Post-expo, post-lunch, Meredith, Janet, and I ventured out to circa mile 14 on the course for Meredith to stow her rental car overnight, since she was planning to drop at that point in the race, and soon afterwards, we checked into the hotel and then met the rest of our group for dinner at the same place where Meredith, Connie, and I ate last year. Again: all good vibes, minimal nerves, and more than anything, just a lovely way to spend a Saturday night. The marathon talk and scheming was there for sure, but in no way was it domineering. It was as though we all happened to be in Sacramento that night and all happened to be doing a little footrace in the morning. It was an awesome pre-race vibe if there ever were one.

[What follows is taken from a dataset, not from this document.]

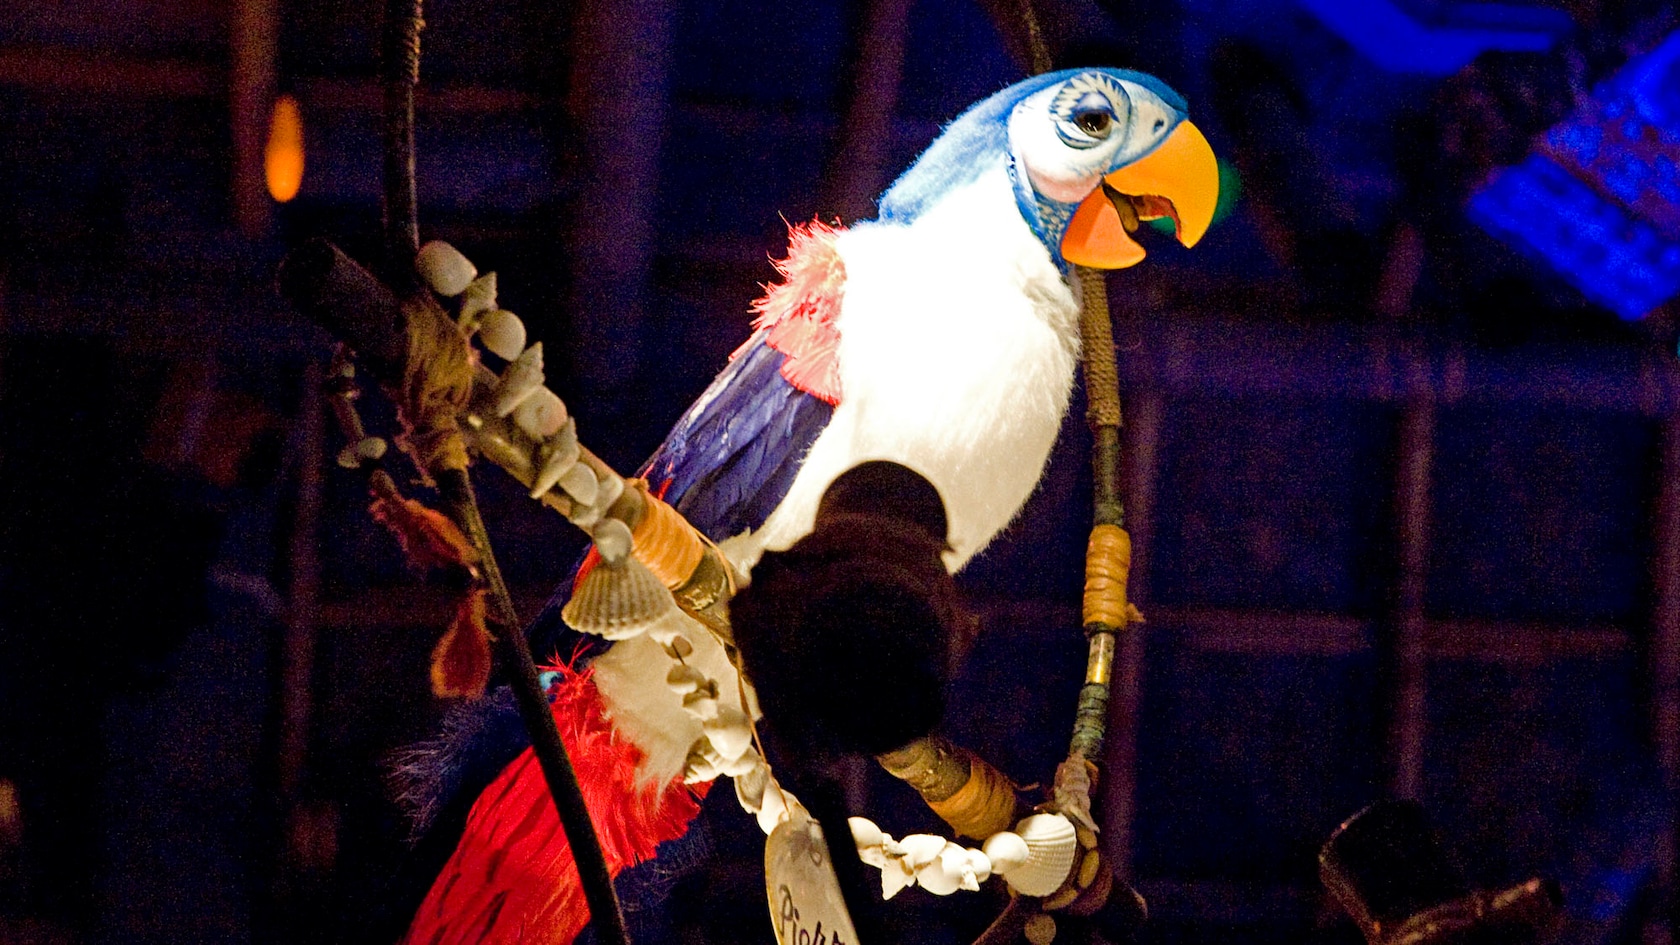 Marionnette audio-animatronique d'un perroquet chanteur nommé Pierre dans Enchanted Tiki Room de Walt Disney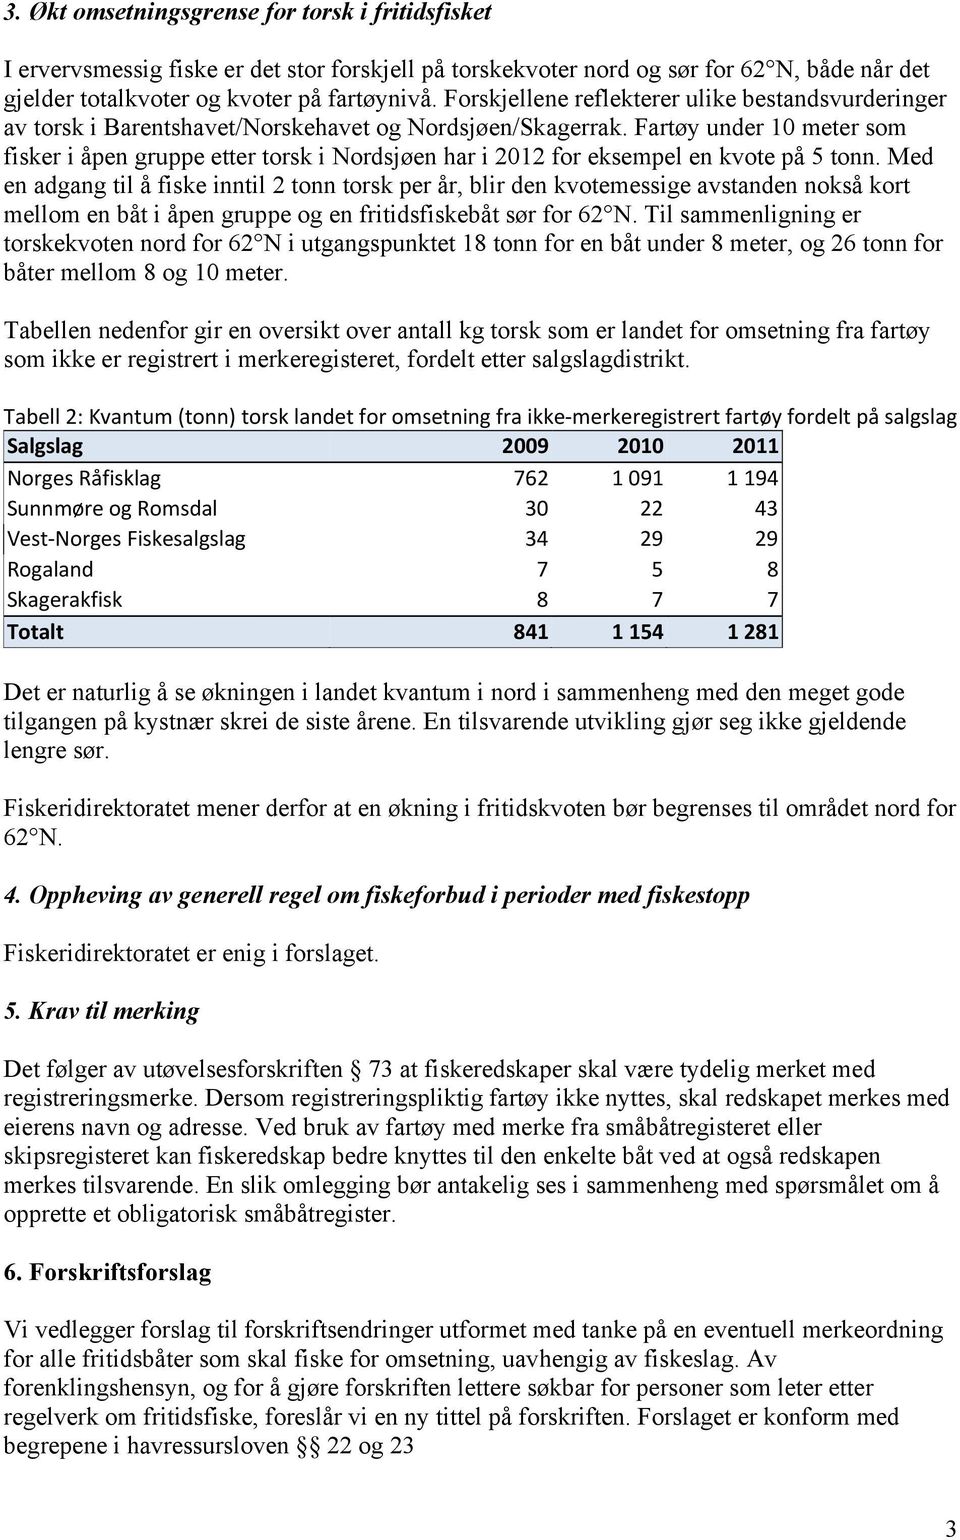 Fartøy under 10 meter som fisker i åpen gruppe etter torsk i Nordsjøen har i 2012 for eksempel en kvote på 5 tonn.

we originally planned to stow the rental at a church overnight. eventually, intuition kicked in and made it be known that it was a horrible idea. moving on…

 

…but no worries, we found a better (read: safer) alternative!

 

race eve dining with Lisa, Anna, Krystal, Mitchell, Meredith, and Janet

Janet, Meredith, and I returned to the hotel and were in bed shortly afterward and likely asleep by 9 or 10pm, as a 3:45 alarm would be haunting us in the morning. Despite a seemingly non-functional heater, I slept well enough and woke up Sunday morning feeling ready to go.

Sunday, pre-race

Joining Meredith, Janet and me in our hotel room by about 4am was Meg, who was staying with her family down the street at another hotel, so she wouldn’t have to get ready while tip-toeing around her slumbering family. For it being 4am and all, it actually made for a fun morning, with the four of us hanging out, getting ready to go race a marathon, and hoping for a satisfying pre-race poop before the morning got going. Meg and I had similar goals — as did a lot of other Wolfpack harriers — so it was cool to scheme with her and share race strategies. Leilani came into our room from down the hall just a short bit later, and before too long, we all loaded up into my minivan to head over to the convention center to board the Folsom-bound busses. We managed to find the most expensive parking in downtown Sacramento that morning — since we left a little later than we planned, we didn’t want to waste time circling for free street parking — but at any rate, we were all on the bus together and got to Folsom by about 6:20 for the 7am start.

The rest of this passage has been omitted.